That is just plain wrong, depriving a man of his property because it is not the right brand. I used to favor Arsenal. I cannot root for O2.


----------



## Blue Hills (5 Jun 2020)

Gravity Aided said:


> Whoah! Color Telly? That's pretty fancy!


The first colour telly i saw was i think in the states. Though i was in rural Lancashire. A primary school teacher was showing us his slides. He"d been to visit some friends in the states and snapped a pic of this wonder in action.


----------



## Gravity Aided (5 Jun 2020)

Warner Brothers' cartoons like Bugs Bunny, Daffy Duck, and Foghorn Leghorn with all the violence intact. Great comedic timing, entertaining, and a lesson or two in how the world actually works. Who doesn't want to see a 16 ton weight dropped on a malevolent coyote?


----------



## JPBoothy (5 Jun 2020)

Dogtrousers said:


> Kind of off topic, but to do with stadium sponsorship.
> 
> A mate of mine took his daughters to an event at the Millennium Dome O2 Stadium. He bought a cup of coffee from a coffee chain outlet as they emerged from the tube. As they entered the O2 he was stopped by security. "Excuse me sir, you are carrying a cup of _<Chain X>_ coffee. You can't bring that in here. This is a _<Chain Y>_ stadium." And they took his coffee off him.

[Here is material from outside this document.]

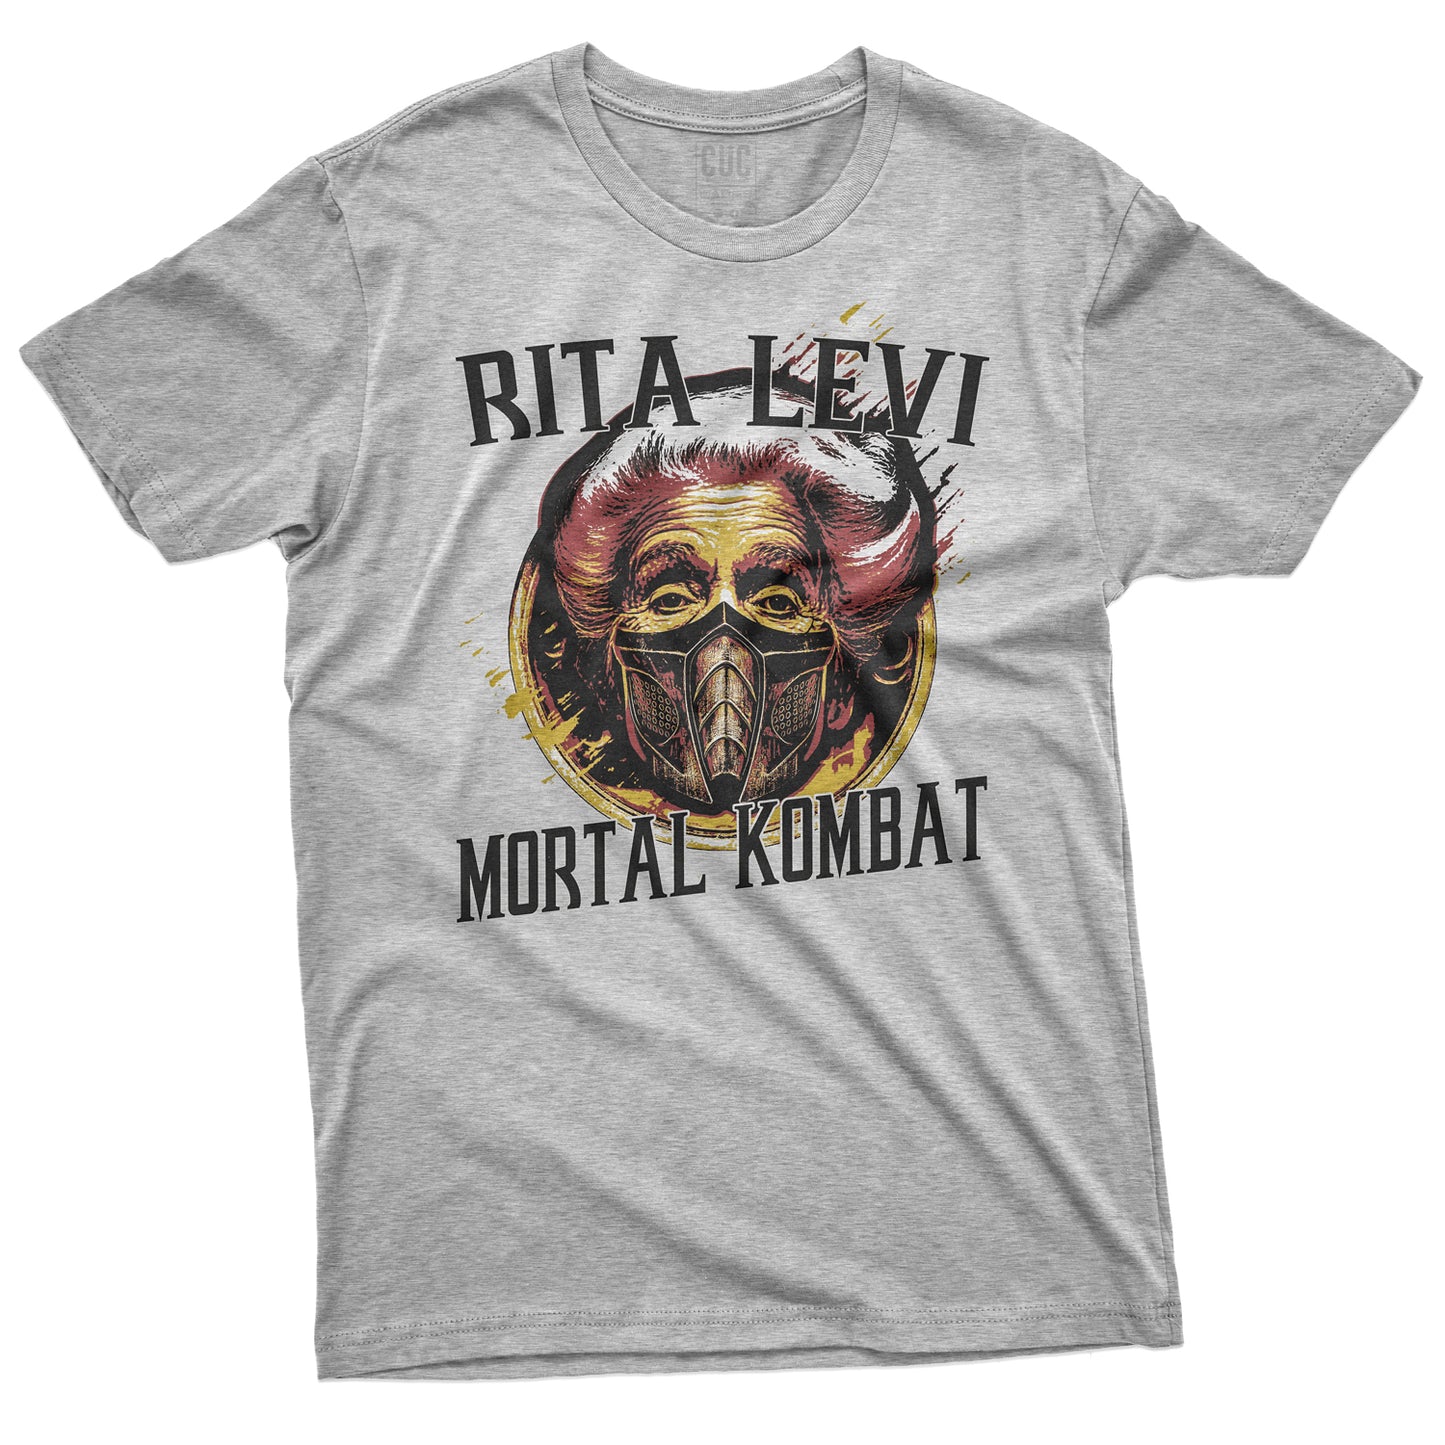 CUC T-Shirt RITA MK LIGHT - Rita Levi - Mortal Kombat #chooseurcolor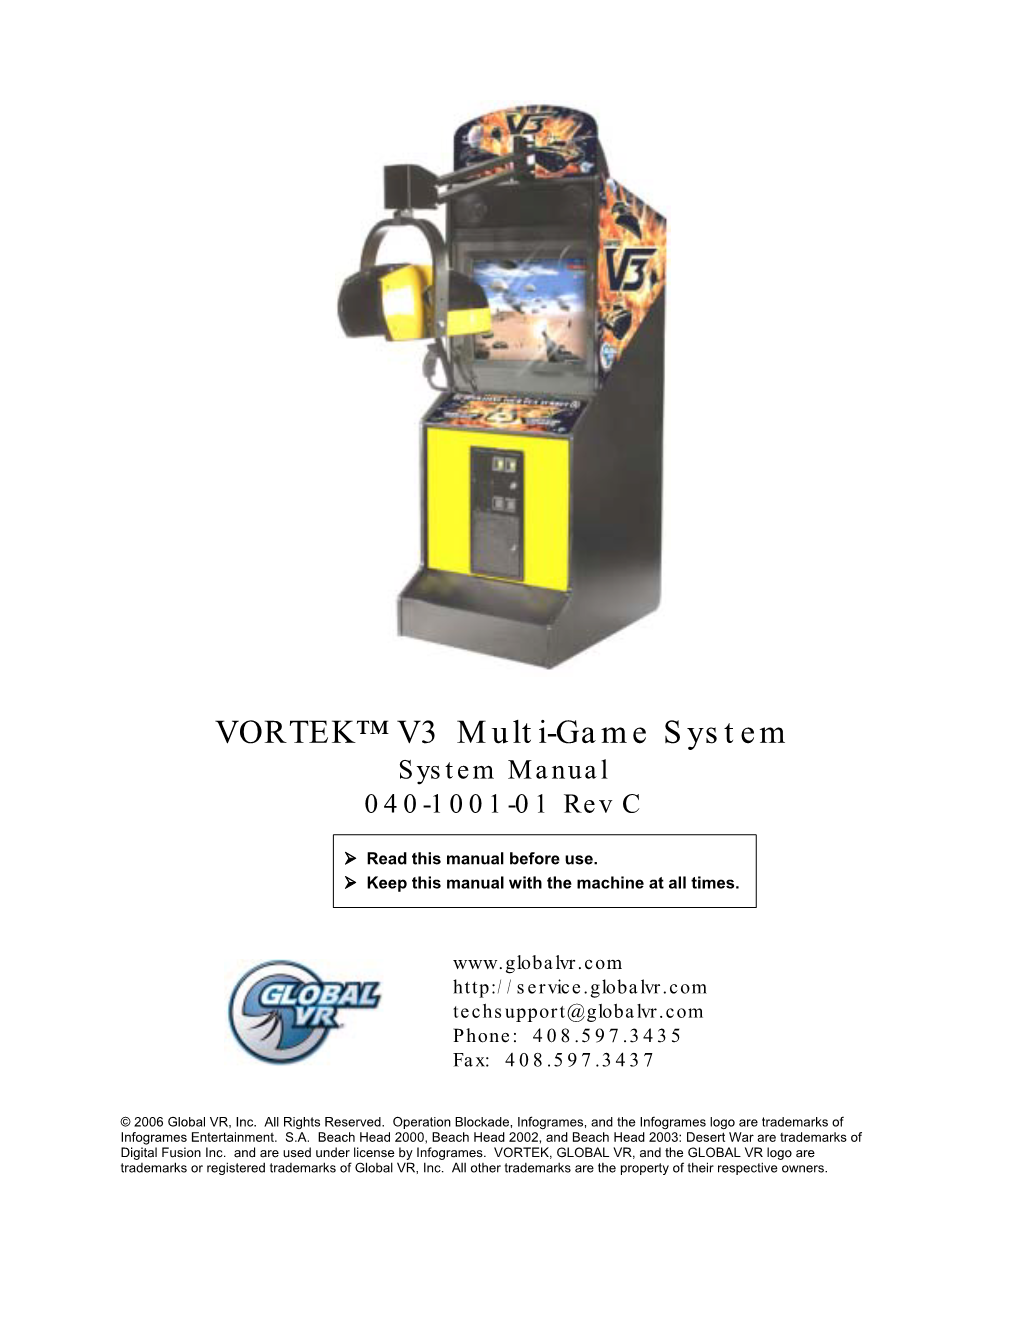 VORTEK™ V3 Multi-Game System System Manual 040-1001-01 Rev C

Again, slightly off the OP's topic but -

I can't understand who makes the decision (and why) to put sticky tape over the brand name of a presenters shirt/hoody/coat on tv shows. Would it be to stop free advertising being given to that manufacturer, or would the manufacturer want paying for the advertising of their brand without their consent? Why disguise just the clothes then and not the vehicles they drive?


----------



## figbat (5 Jun 2020)

It is probably to cover a brand that is a competitor to an endorsed brand.


----------



## JPBoothy (5 Jun 2020)

Gravity Aided said:


> Warner Brothers' cartoons like Bugs Bunny, Daffy Duck, and Foghorn Leghorn with all the violence intact. Great comedic timing, entertaining, and a lesson or two in how the world actually works. Who doesn't want to see a 16 ton weight dropped on a malevolent coyote?


Yes, I think my Dad and I were still laughing out loud to the Warner Bros cartoons you have mentioned when I was in my teens. Sadly a lot more of the previously silent ones are now having voices added to them, and the later kids programmes such as Bob the Builder, Fireman Sam & Horrid Henry (even Thunderbirds) are now filmed in CGI which just seems to lack the same warmth and gives a more 'sterile' look to them. I accept that things have to be updated for the new generation, but it's a shame to change the classics. I suppose it just demonstrates the lack of imagination that today's writers have if they can't think of anything new. Every film has at least one sequel these days too.


----------



## rogerzilla (5 Jun 2020)

Gravity Aided said:


> Who doesn't want to see a 16 ton weight dropped on a malevolent coyote?


Also, I really wanted to work for the ACME company. They made some great stuff.


----------



## freiston (5 Jun 2020)

Dogtrousers said:


> ...On the bike, although my chain pretty much never comes off these days, I miss being able to use the friction lever on the front mech to coax it back on without stopping. Indexed mechs might be efficient and ergonomic and all that, but a friction one is like having an extension to your hand.
> 
> I miss cotter pins too. I used to really enjoy ... just kidding. Good riddance to the buggers.


I still have a friction front shifter and I've been running my rear shifter in pure friction too mode during lockdown - I switched the front from (9 speed) indexed to friction on a temporary basis just to see what it was like but now I can't be arsed to change it back because it works well enough and there isn't much point.

I hate cotter pins too and haven't had them since 1980.


----------



## Gravity Aided (6 Jun 2020)

JPBoothy said:


> Yes, I think my Dad and I were still laughing out loud to the Warner Bros cartoons you have mentioned when I was in my teens. Sadly a lot more of the previously silent ones are now having voices added to them, and the later kids programmes such as Bob the Builder, Fireman Sam & Horrid Henry (even Thunderbirds) are now filmed in CGI which just seems to lack the same warmth and gives a more 'sterile' look to them. I accept that things have to be updated for the new generation, but it's a shame to change the classics. I suppose it just demonstrates the lack of imagination that today's writers have if they can't think of anything new. Every film has at least one sequel these days too.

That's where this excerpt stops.